**Work order**.
An exact restatement of the entire listing is needed, excluding all images.

[Supplied material — start]

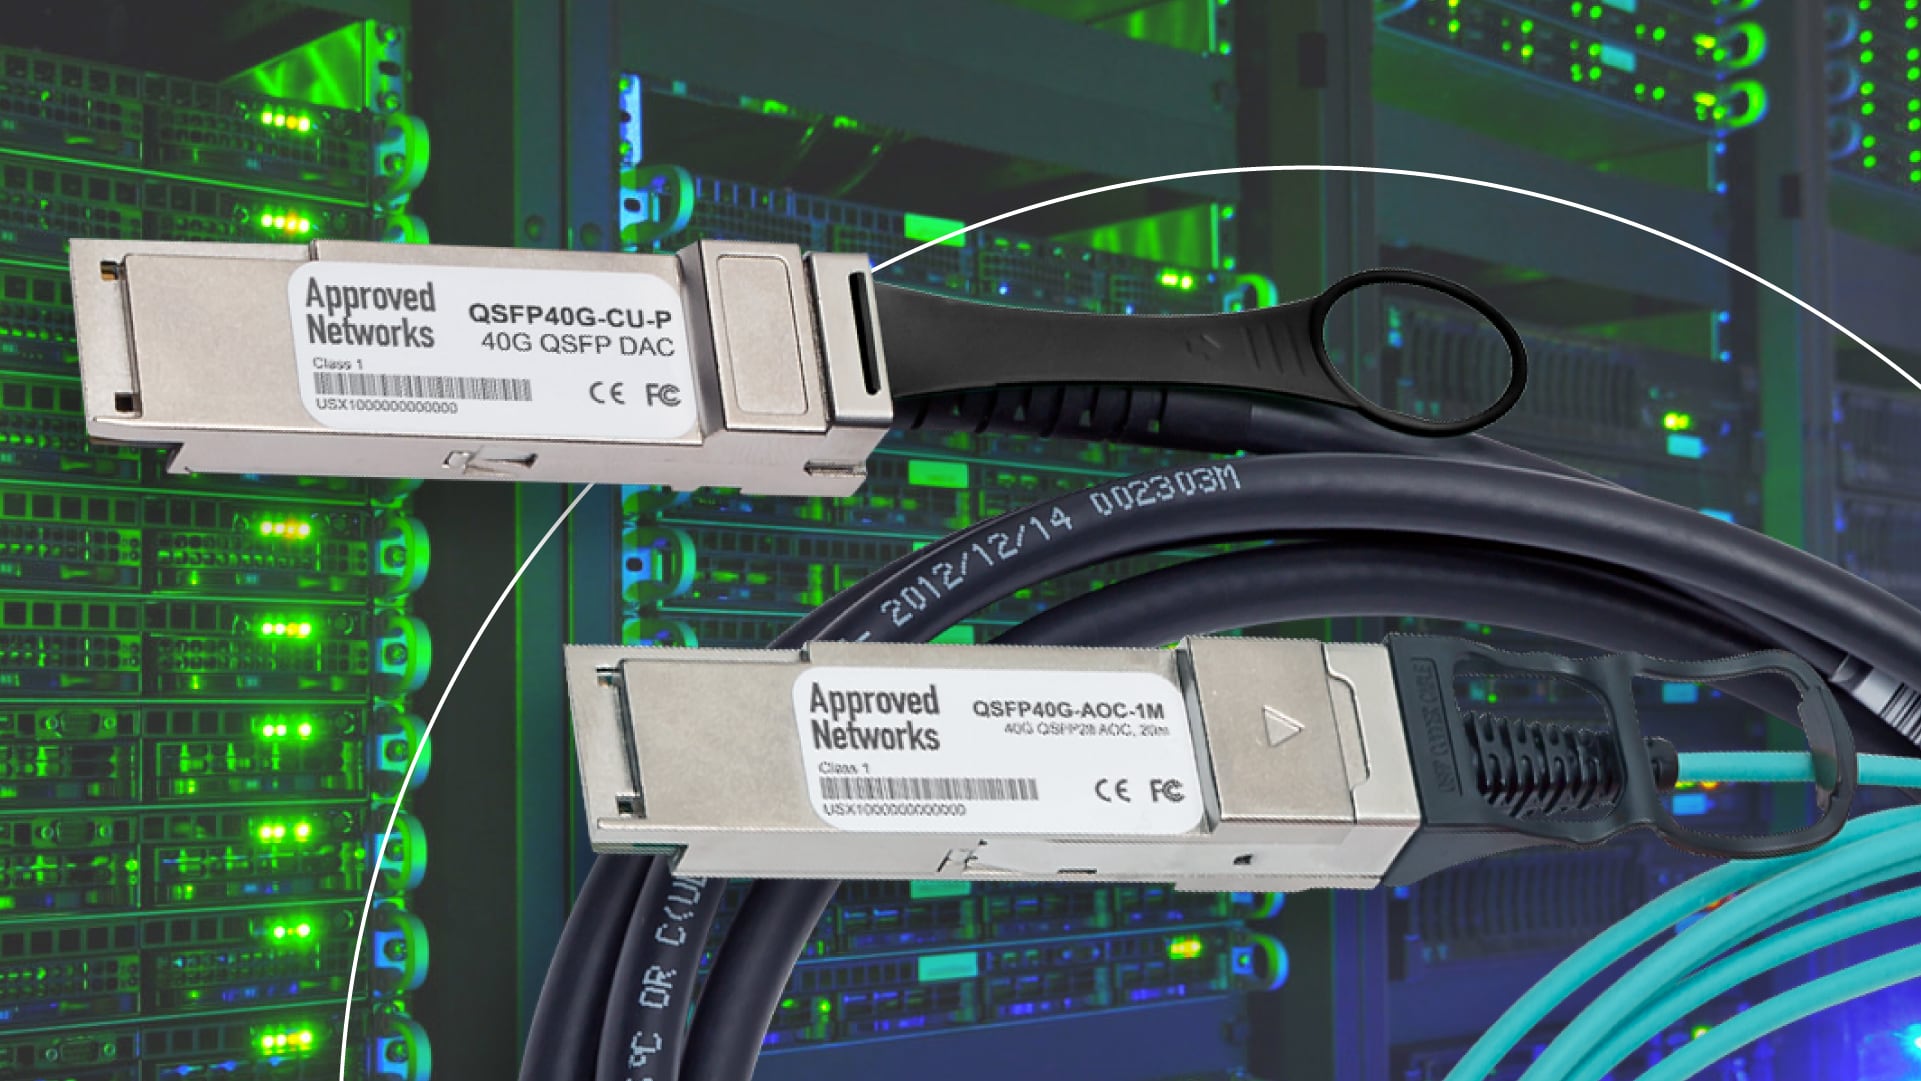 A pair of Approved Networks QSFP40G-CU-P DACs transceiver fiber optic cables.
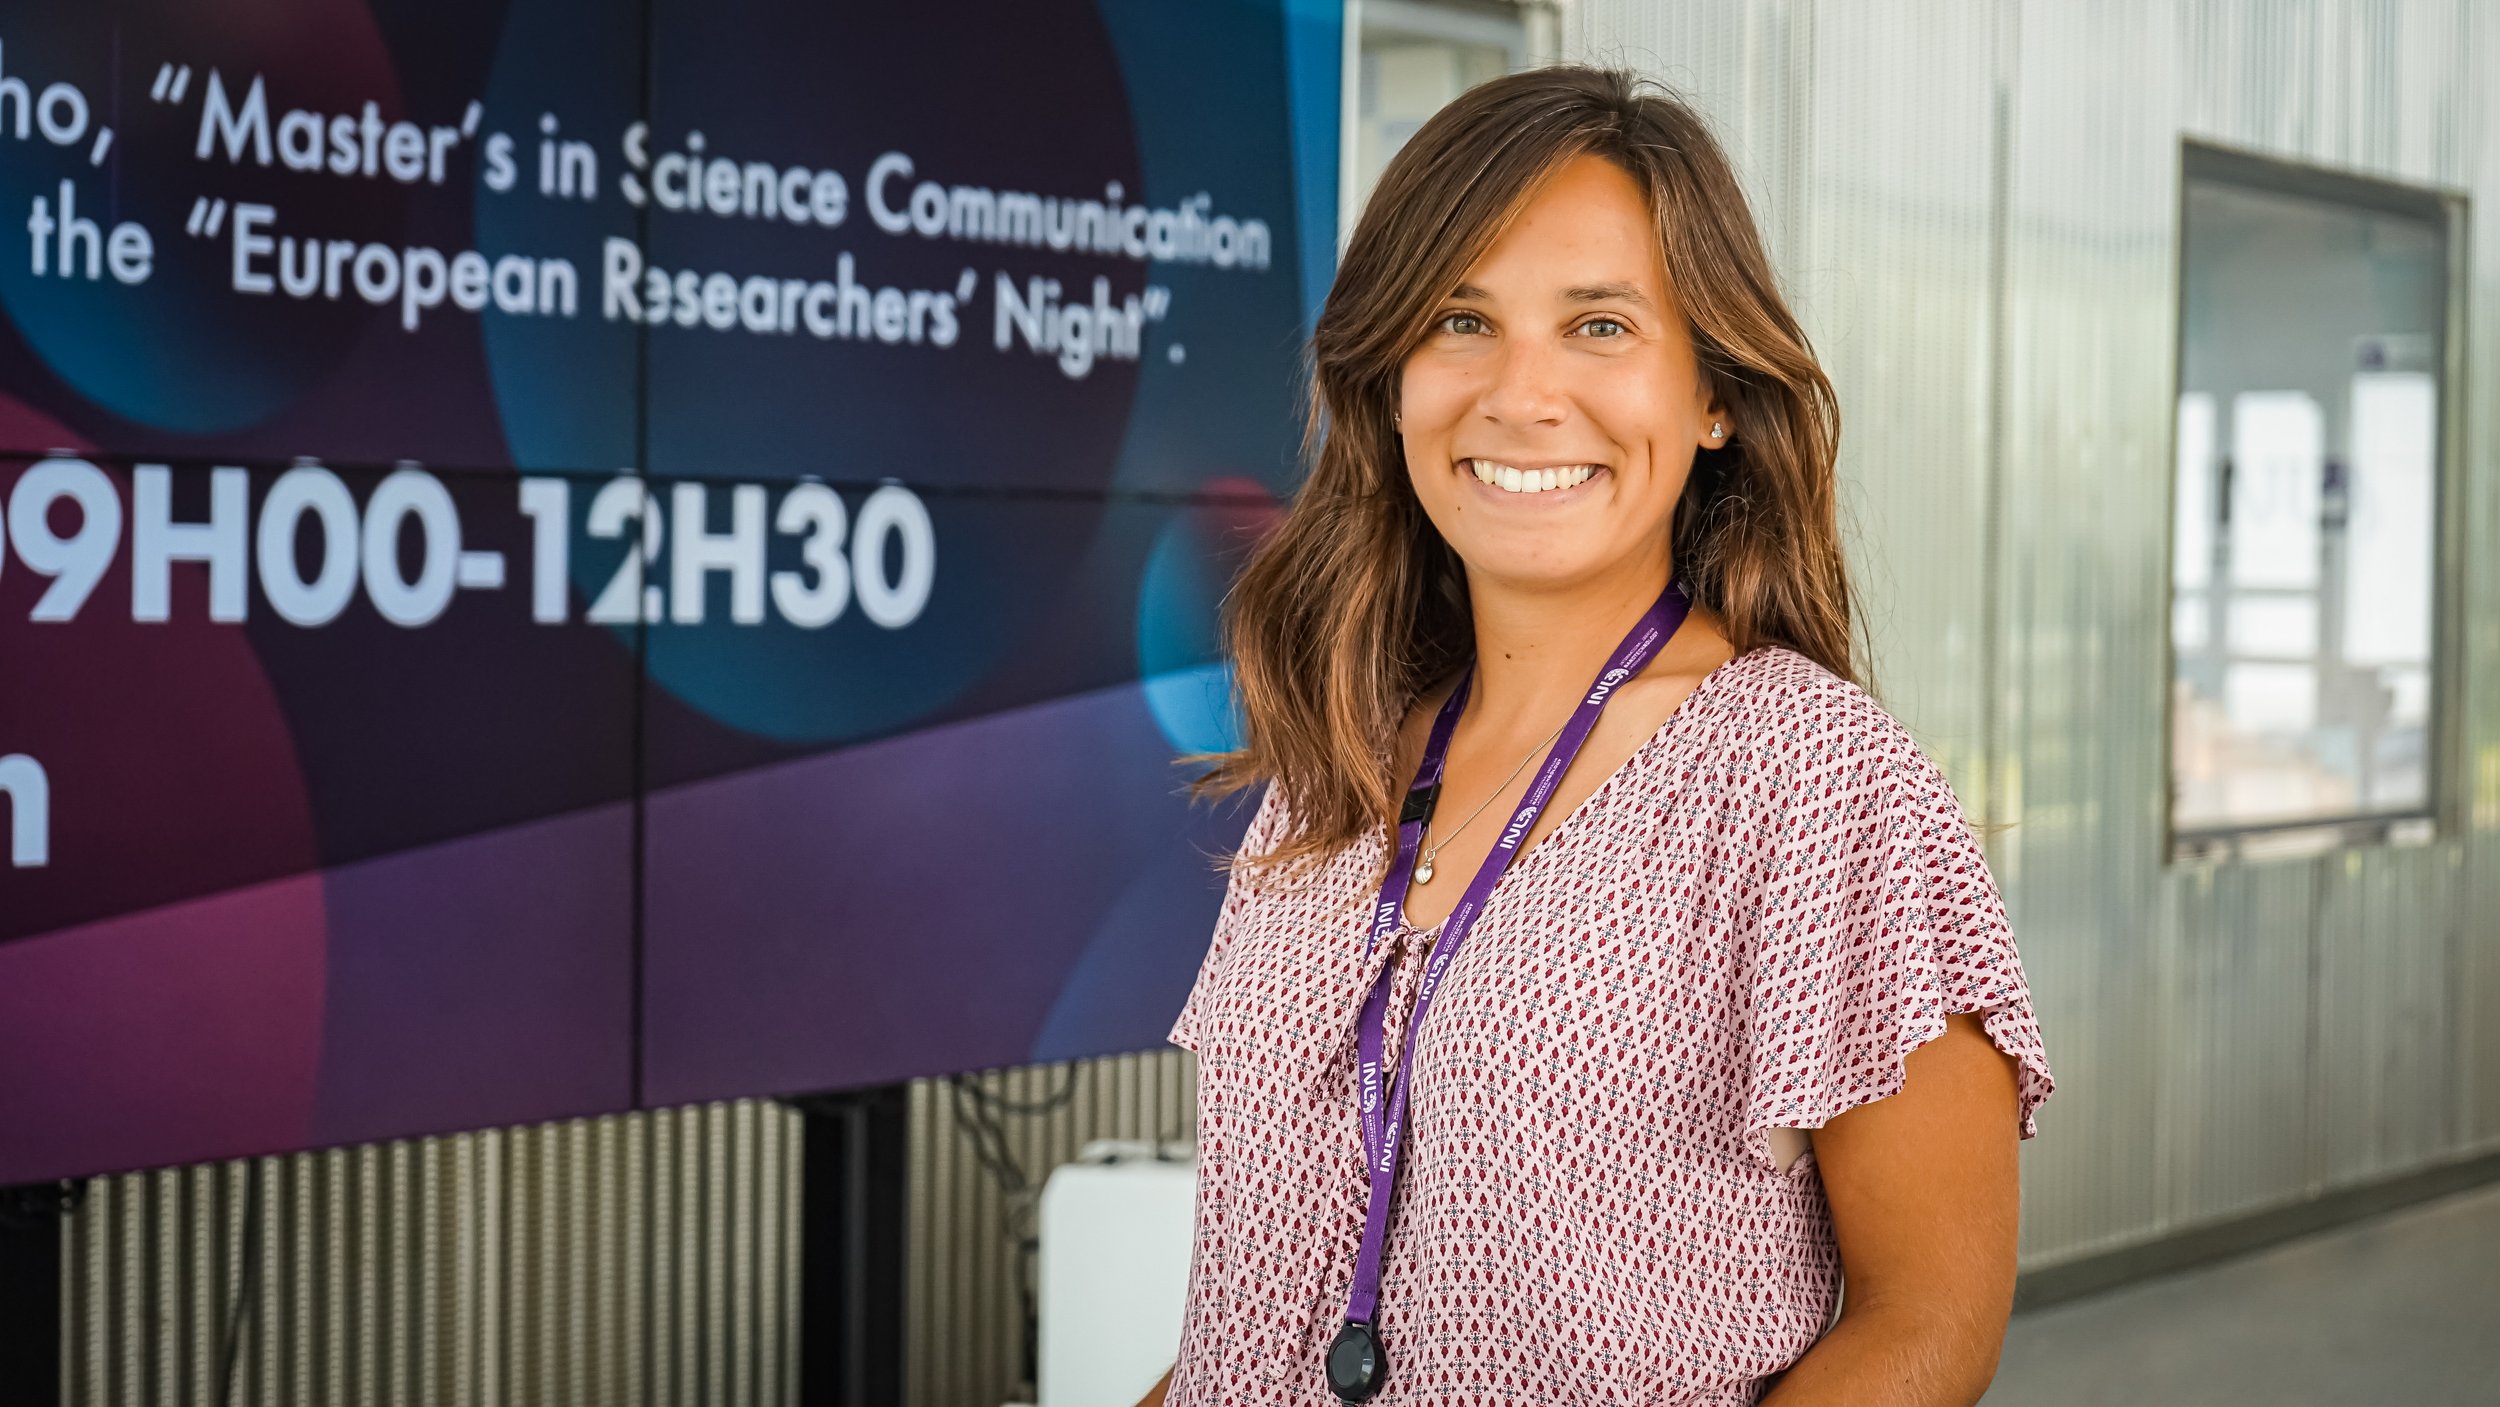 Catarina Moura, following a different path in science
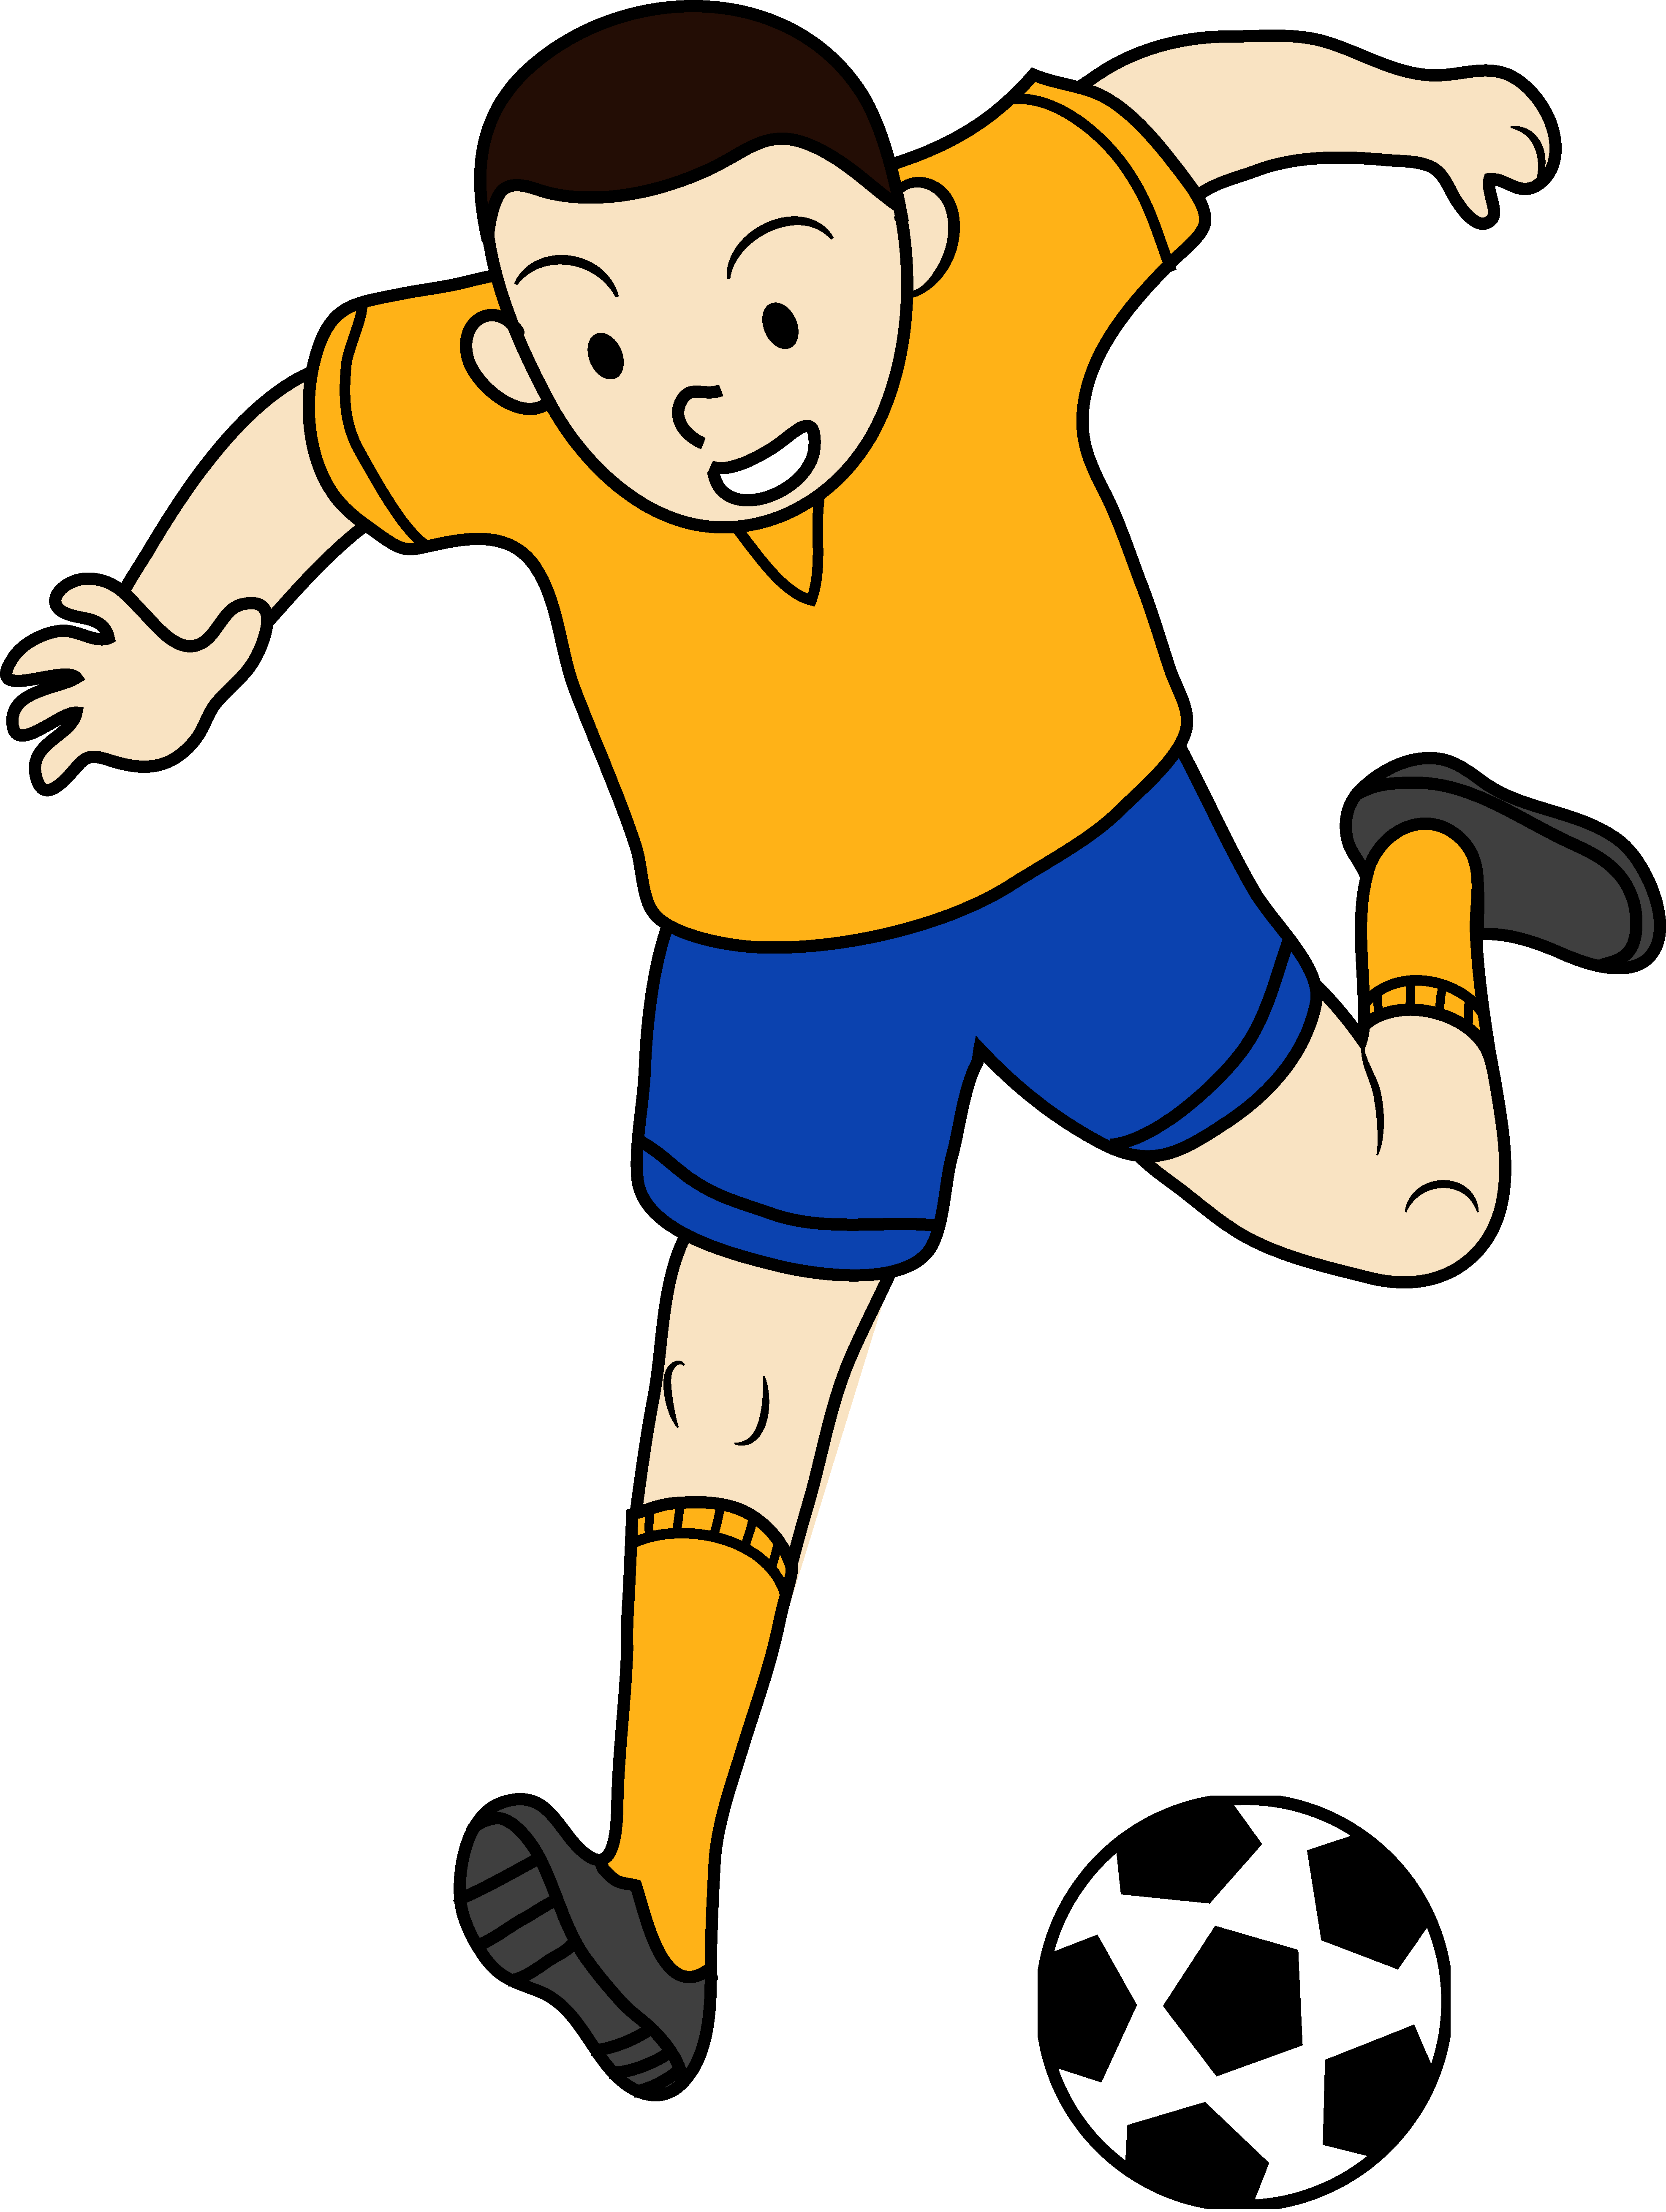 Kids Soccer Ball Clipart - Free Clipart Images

[Supplied material — finish]

**Answer section**.
 A pair of Approved Networks QSFP40G-CU-P DACs transceiver fiber optic cables.
 Catarina Moura, following a different path in science
 Kids Soccer Ball Clipart - Free Clipart Images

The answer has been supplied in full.